Genome-scale mining for phylogenetic markers
Whole genomic sequences of Danio rerio and Takifugu rubripes were retrieved from the ENSEMBL database [54].
Exon sequences with length > 800 bp were then extracted from the
genome databases. The exons extracted were compared in two steps: (1)
within-genome sequence comparisons and (2) between genome comparisons.
The first step is designed to generate a set of single-copy nuclear
gene exons (length > 800 bp) within each genome, whereas the second
step should identify single-copy, putatively orthologous exons between D. rerio and T. rubripes (Figure 2).

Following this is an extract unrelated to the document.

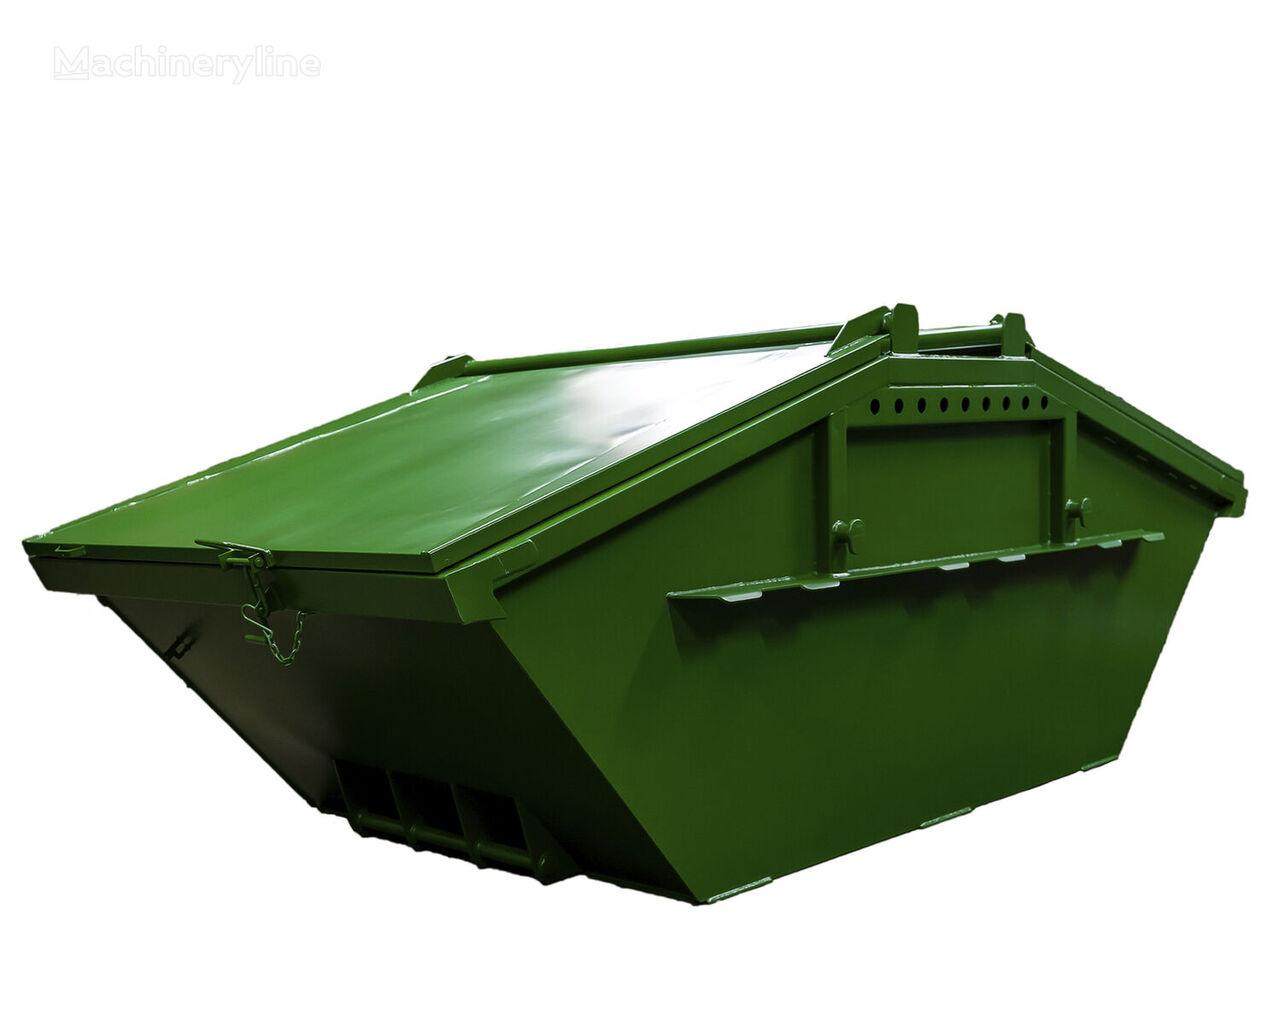 naujas statybinių atliekų konteineris Absetzmulde Absetzcontainer Mulde Container 5cbm Stahldeckel
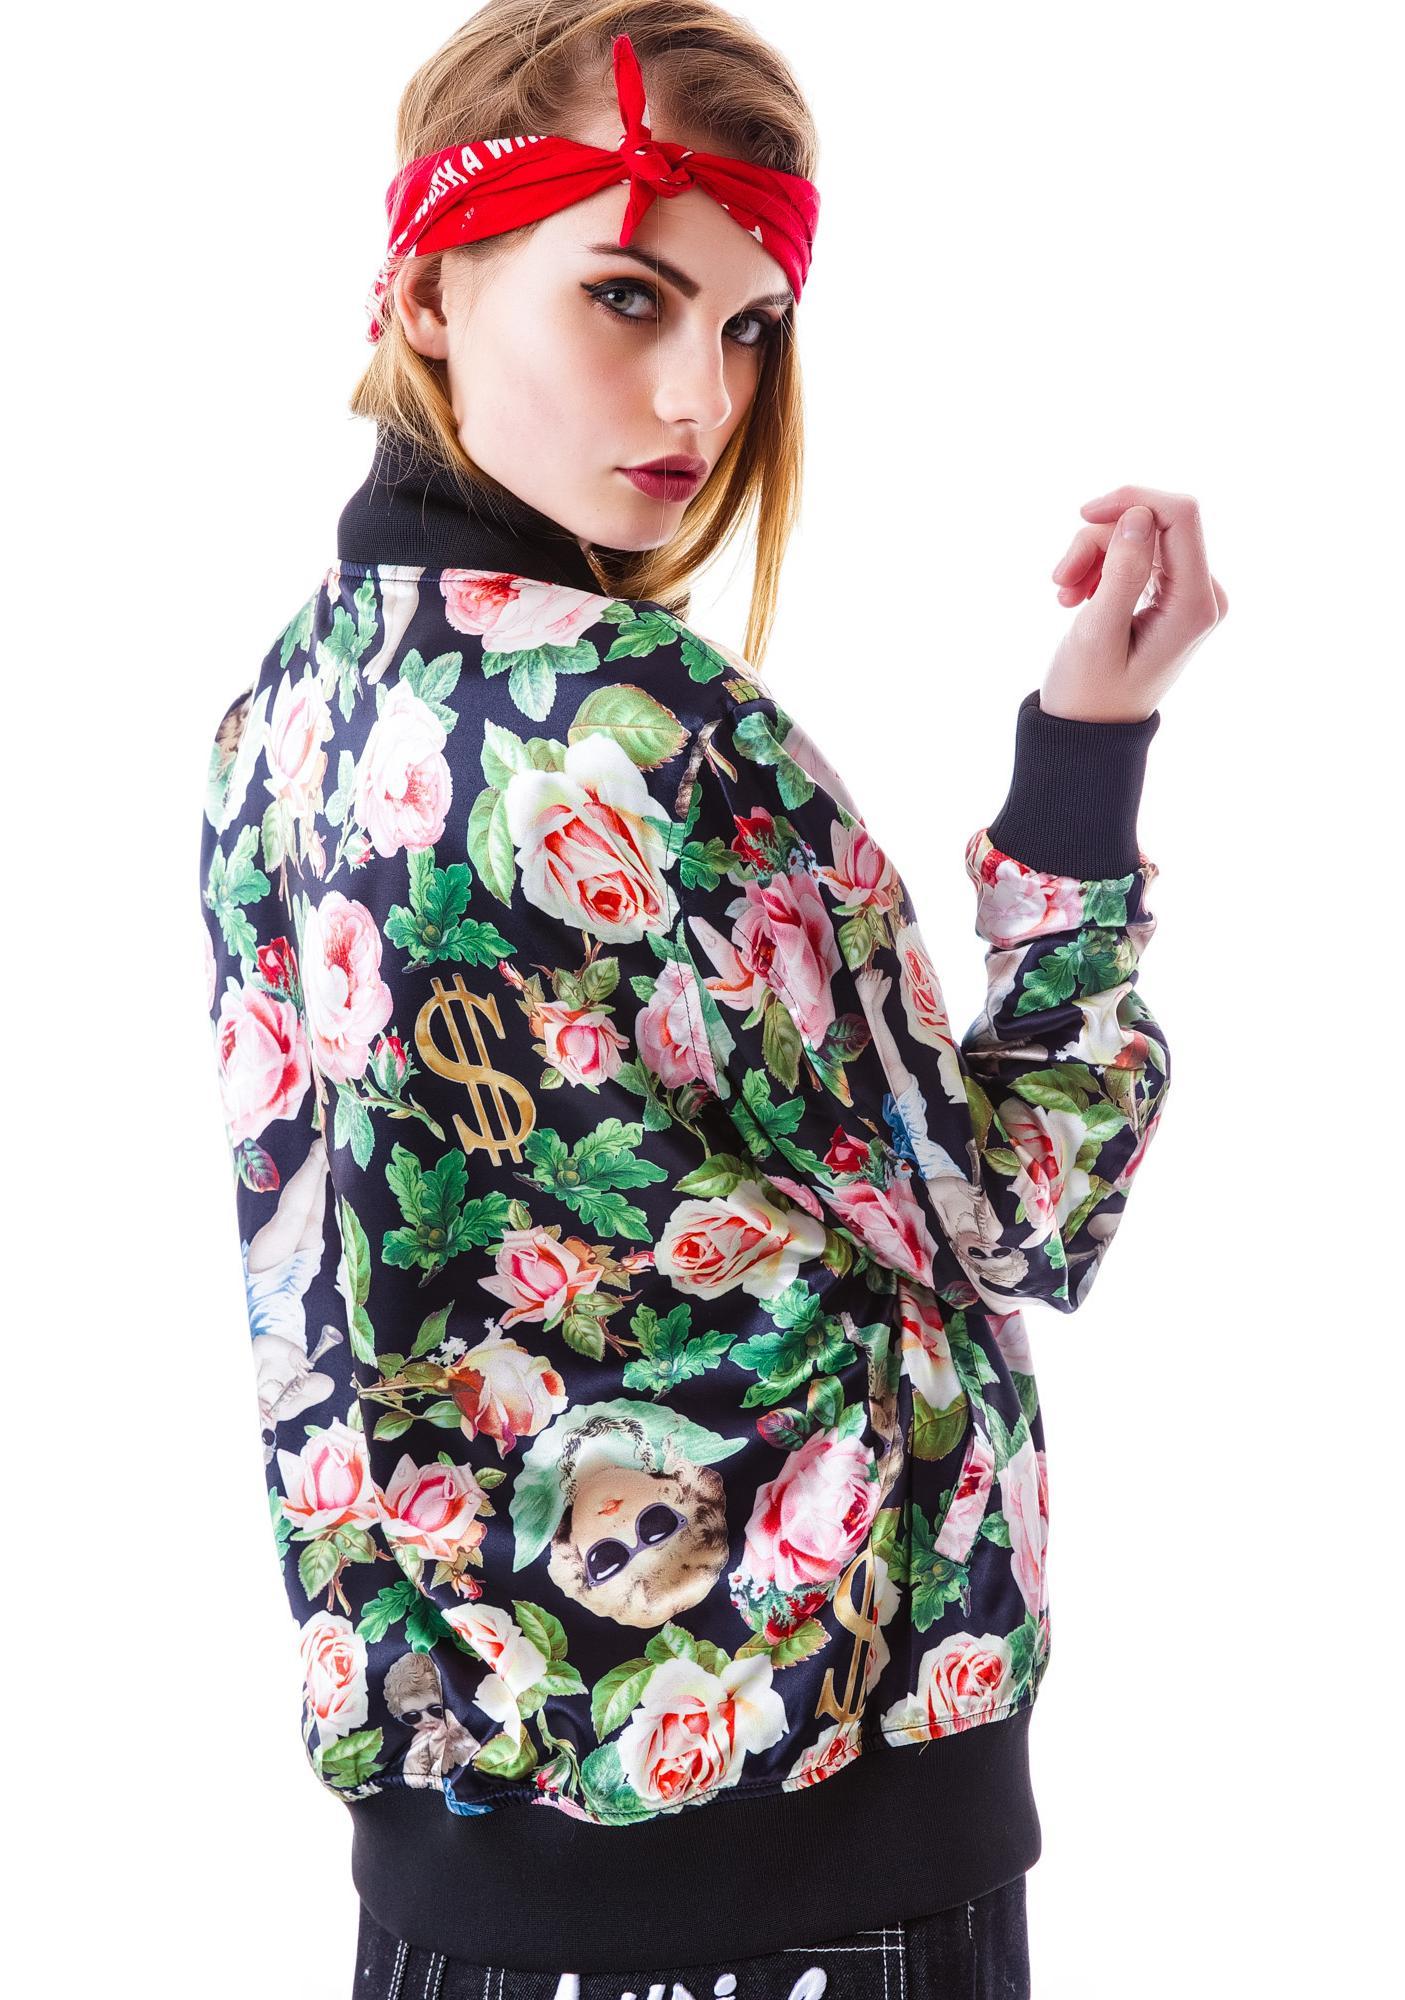 Joyrich Angelic Rich Floral Reverse Jacket

The BLAST algorithm was used for sequence similarity comparison. In
addition to the parameters available in the BLAST program, we applied
another parameter, coverage (C), to identify global sequence similarity
between exons. The coverage was defined as the ratio of total length of
locally aligned sequences over the length of query sequence. The
similarity (S) was set to S < 50% for within-genome comparison,
which means that only genes that have no counterpart more than 50%
similar to themselves were kept. The similarity was set to S × > 70%
and the coverage was set to C > 30% in cross-genome comparison,
which selected genes that are 70% similar and 30% aligned between D. rerio and T. rubripes. Subsequent comparisons were performed on the newly available genome of stickleback (Gasterosteus aculeatus) and Japanese rice fish (Oryzias latipes),
as described above. We programmed this procedure using PERL programming
language to automate the processes and made the source code publicly
available on our website [43]. We are in progress to make it available for other genomic sequences and parameter values.
Experimental testing for candidate markers
PCR and sequencing primers were designed on aligned sequences of D. rerio and T. rubripes for 15 random selected genes. Primer3 was used to design the primers [55].
Degenerate primers and a nested-PCR design were used to assure the
amplification for each gene in most of the taxa. Ten of the 15 genes
tested were amplified with single fragment in most of the 36 taxa
examined. PCR primers for 10 gene markers are listed in Table 1.
The amplified fragments were directly sequenced, without cloning, using
the BigDye system (Applied Biosystems). Sequences of the frequently
used RAG1 gene were retrieved for the same taxa from GenBank for
comparison to the newly developed markers [GenBank: AY430199, NM_131389, U15663, AB120889, DQ492511, AY308767, AF108420, EF033039 – EF033043]. When RAG1 sequences for the same taxa were not available, a taxon of the same family was used, i.e. Nimbochromis was used instead of Oreochromis and Neobythites was used instead of Brotula.
Phylogenetic analysis
Sequences of the 10 new markers in the 14 taxa were used in
phylogenetic analysis to assess their performance. Sequences were
aligned using ClustalX [56] on the translated protein sequences. Uncorrected genetic distances were calculated using PAUP [57]. Relative substitution rate for each markers were estimated using a Bayesian approach [58]. Relative composition variability (RCV) and treeness were calculated following Phillips and Penny [44]. Prottest [45]
was used to chose the best model for protein sequence data and the AIC
criteria to determine the scheme of data partitioning. Bayesian
analysis implemented in MrBayes v3.1.1 and maximum likelihood analysis
implemented in TreeFinder [59]
were performed on the protein sequences. One million generation with 4
chains were run for Bayesian analysis and the trees sampled prior to
reaching convergence were discarded (as burnin) before computing the
consensus tree and posterior probabilities. Two independent runs were
used to provide additional confirmation of convergence of posterior
probability distribution. Given the biased base composition in the
nucleotide data indicated by the RCV value (Table 2),
we analyzed the nucleotide data under the RY-coding scheme (C and T =
Y, A and G = R), partitioned by gene in TreeFinder, since RY-coded data
are less sensitive to base compositional bias [44]. Alternative hypotheses were tested by one-tailed Shimodaira and Hasegawa (SH) test [53] with 1000 RELL bootstrap replicates implemented in TreeFinder.